Ответить Хачариди успел, да на этом и разговор закончился. Подбежал штурман и чуть ли не силком потянул вполовину большего себя командира, Павла Ефимова, гвардии майора, в самолёт.
Уже поднимаясь на борт, Павел обернулся и крикнул Сергею:
— Ты давай, сюда приходи, как начальству вашему ещё транспорт пообещают. А я таки в добровольцы напрошусь!
Туапсе. Разведотдел КЧФ
Гурджава и Хмуров
Разведотдел как место допроса — это не совсем так, как происходило на самом деле. Разведотдел в лице полковника Гурджава, подполковника Тихомирова с замом, майором Высотиным, инженер-майора Зайко из технической службы и капитана Новика, прибыл сам в госпиталь. Туда, куда сразу же переправили всю партию раненых и больных партизан, на удивление благополучно доставленных Ли-2 (ночь и метель над Крымом и Азовским морем парализовали ПВО Люфтваффе).
СМЕРШевики, справедливо полагающие, что «фильтровать» новоприбывших из зоны оккупации лучше всего сразу, ещё «тепленькими» (то есть не отошедшими от голодной стужи), тоже прикатили в госпиталь на ленд-лизовском «Додже», но чуть позже.
Отдельную палату Лаврентию Хмурову и его «бесценному грузу», от которого его не смогли оторвать даже дюжие санитары из выздоравливающих морпехов, не выделили; примерно полчаса Давид Бероевич исправлял это недоразумение, то ставя врачей по стойке «смирно», то командуя «бегом!» персоналу. Наконец, пятерых тяжелораненых соседей Лёвки распихали по другим палатам, а на освобождённые койки расселись офицеры-разведчики. Слава богу, сообразили привезти Новика — его-то Хмуров узнал сразу: ещё бы, только по досадной, хотя и весьма болезненной случайности не смогли уйти летом из Крыма вместе.

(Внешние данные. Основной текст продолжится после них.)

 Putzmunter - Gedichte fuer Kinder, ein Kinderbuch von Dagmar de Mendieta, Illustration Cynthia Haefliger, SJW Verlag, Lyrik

Кстати, если бы не три мелких, но зазубренных и попавших «не туда» осколка немецкой бомбы-«сотки», которые помешали Левше пройти по горам и лесам, а потом ещё преодолеть два кабельтова вплавь по ночному и неспокойному морю до условленной «Малютки», трофей из Эски-Меджита к Лёвке не попал бы. И многое, очень многое сложилось бы иначе…
А так — Хмуров сразу же понял, что он не только у своих, да ещё и не намеренных срочно распять его за якобы провал испытаний новой торпеды в октябре 1941-го[74]. И у тех самых своих, кто поймёт, что придумала немчура.

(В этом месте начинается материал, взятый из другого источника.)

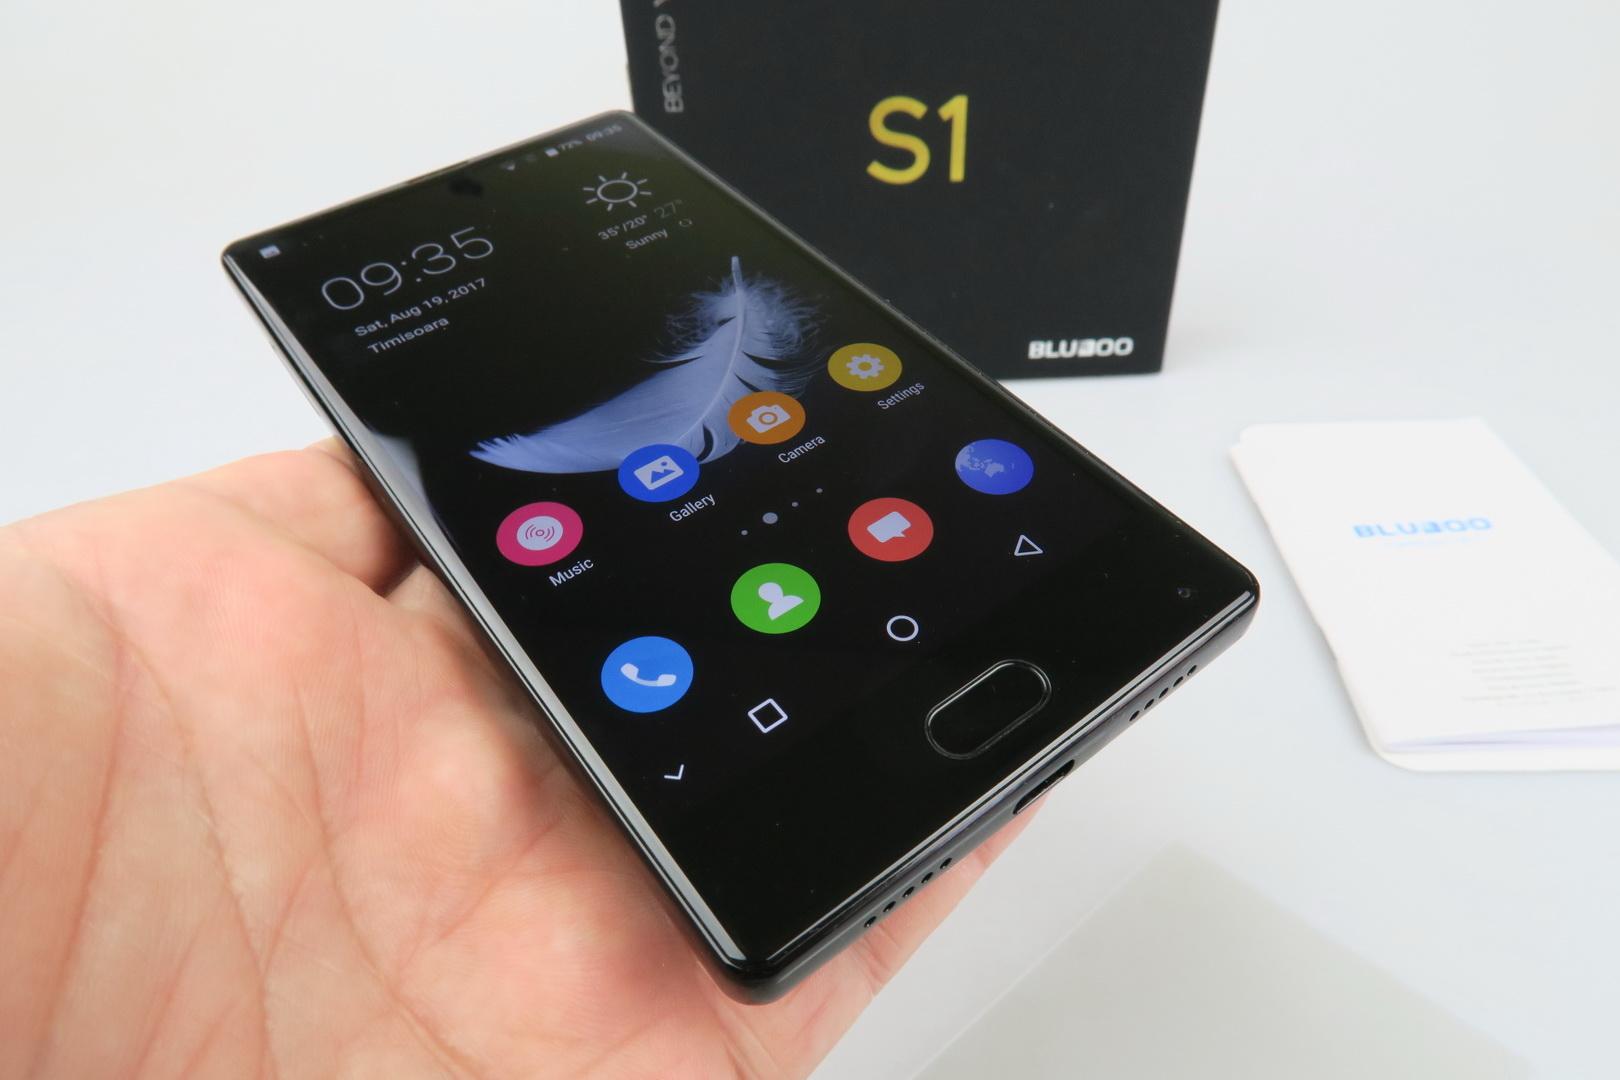 Видео-обзор смартфона Bluboo S1 демонстрирует его превосходный дизайн 

«Бесценный груз» наконец распаковали. Без пояснений Лёвки-Левши в нём навряд ли разобрался бы и Зайко, и весь не слишком солидный к тому времени, прореженный эвакуациями и переправами, бомбёжками и добровольными уходами в десанты и боевые операции, технический отдел КЧФ.
Нет, конечно, со временем разобрались бы — и не такие фокусы разбирали! — но только со временем, и с чётким указанием на срочность и безотлагательность этого анализа. Без такого не стали бы и заводиться, — немногочисленные оставшиеся специалисты едва только успевают разобраться с немецкими и итальянскими новинками. Вражьи КБ работают непрерывно, а опытные образцы испытывают чуть ли не сразу в войсках. А у Лаврентия хватало времени, возможности сосредоточиться и терпения. Он был из тех, кто не успокаивается, пока не «разложит всё по полочкам» или же не добьётся правильного воплощения своей какой-то идеи.

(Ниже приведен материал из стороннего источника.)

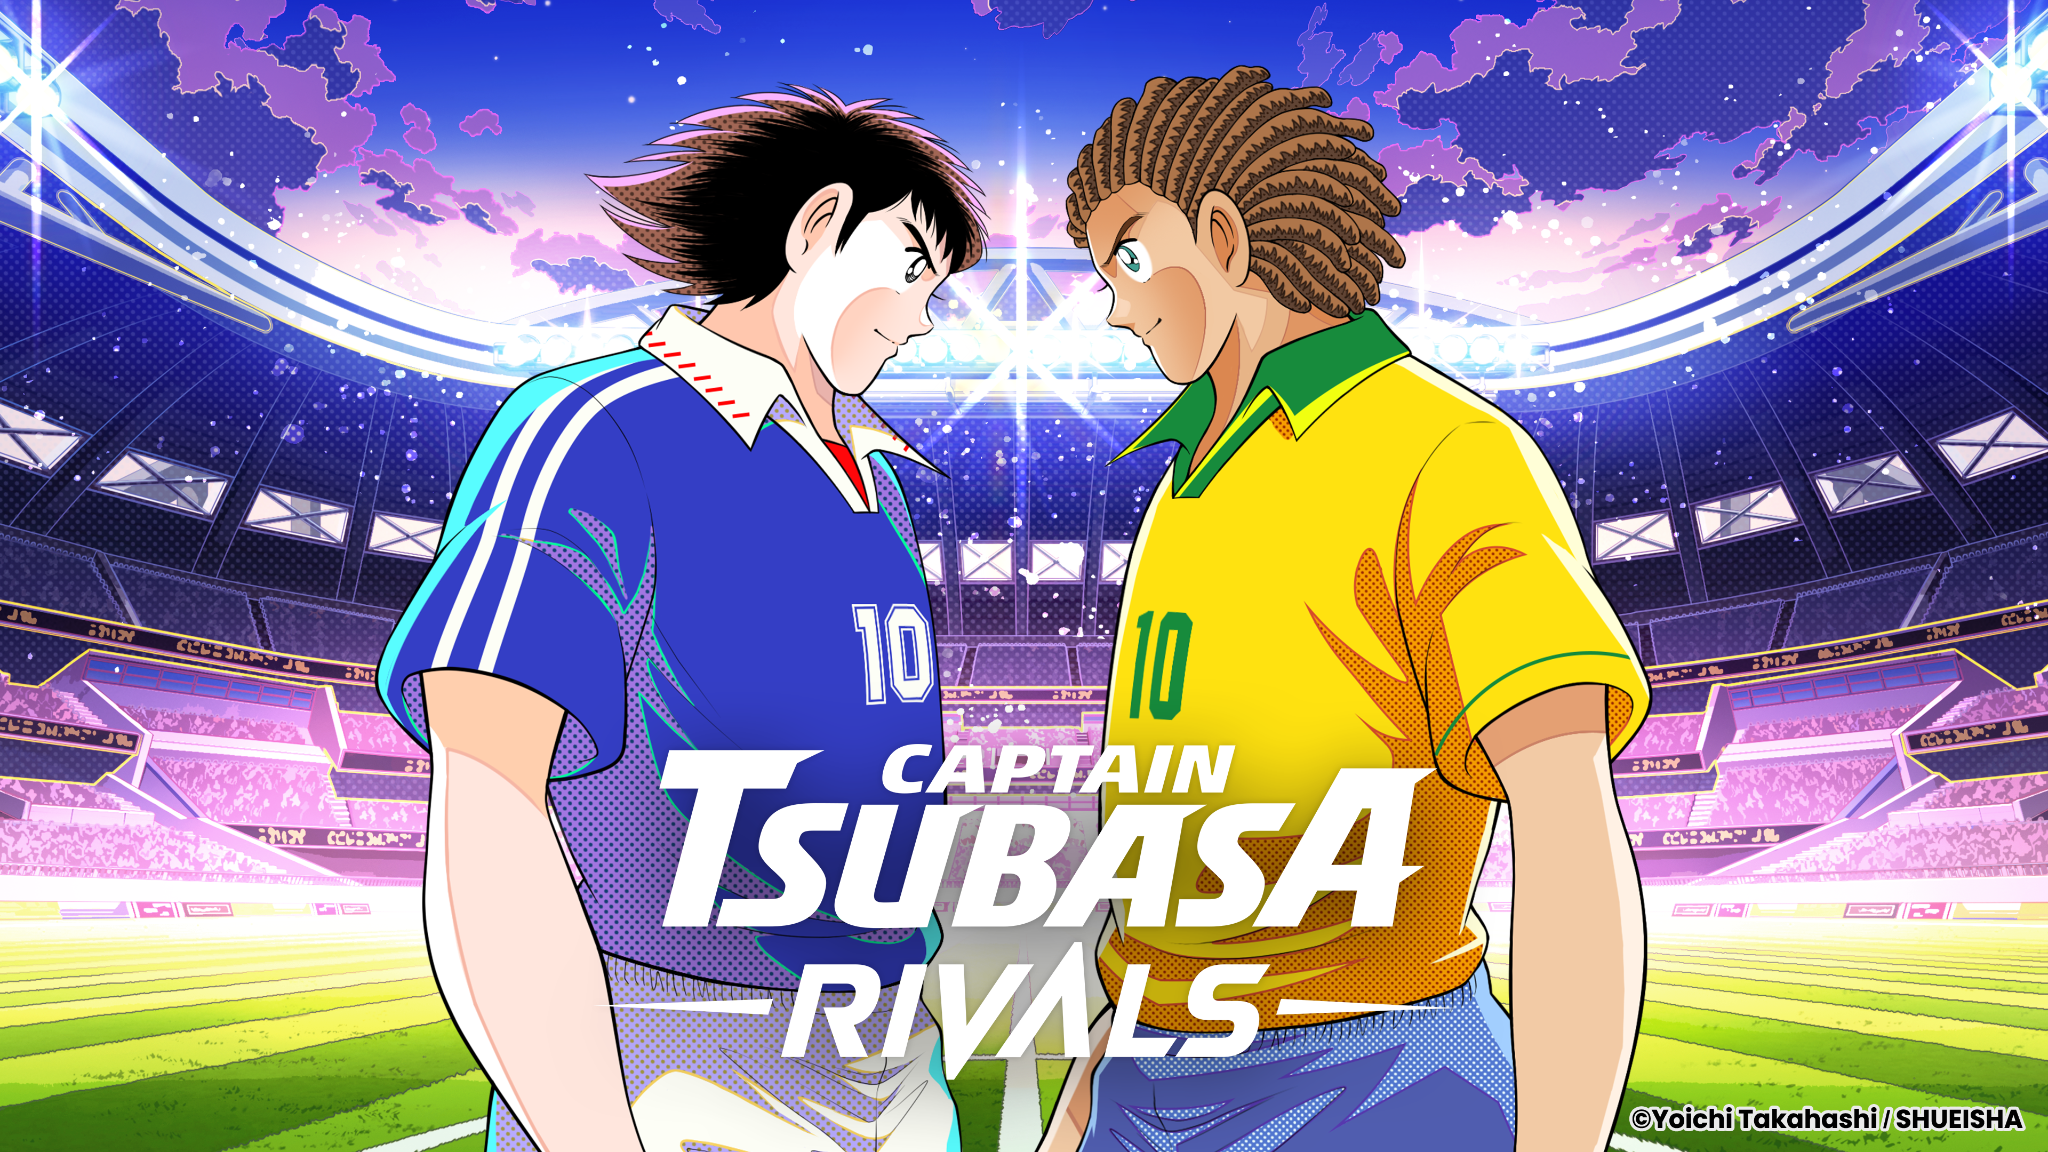 Captain Tsubasa - RIVALS.png

И всё же главным было то, что этот новейший коммутатор-взрыватель попал в руки человека, который занимался чем-то подобным много лет подряд. И одно из своих собственных (и нигде не озвученных, по стечению обстоятельств) технических решений «опознал» сразу.
Нет, это была не фантастическая утечка информации, всё в доставленных из Эски-Меджита «устройствах» было сделано чуточку по-другому, по-немецки, что ли. В некоторых направлениях технического развития общие идеи схожи, так что не было заимствования, — просто нащупали вражьи инженеры такой же самый путь…
А уж дальше Лёвка увлёкся разборкой, да так, что однажды даже отнял у Оленьки-радистки один из драгоценных трофейных аккумуляторов и благополучно «посадил» его, проверяя работу бесконтактного датчика нагрузки. К счастью, не последний аккумулятор, так что со временем на «Большую землю» улетела шифрованная радиограмма, конечным итогом которой стала присылка транспортного самолёта.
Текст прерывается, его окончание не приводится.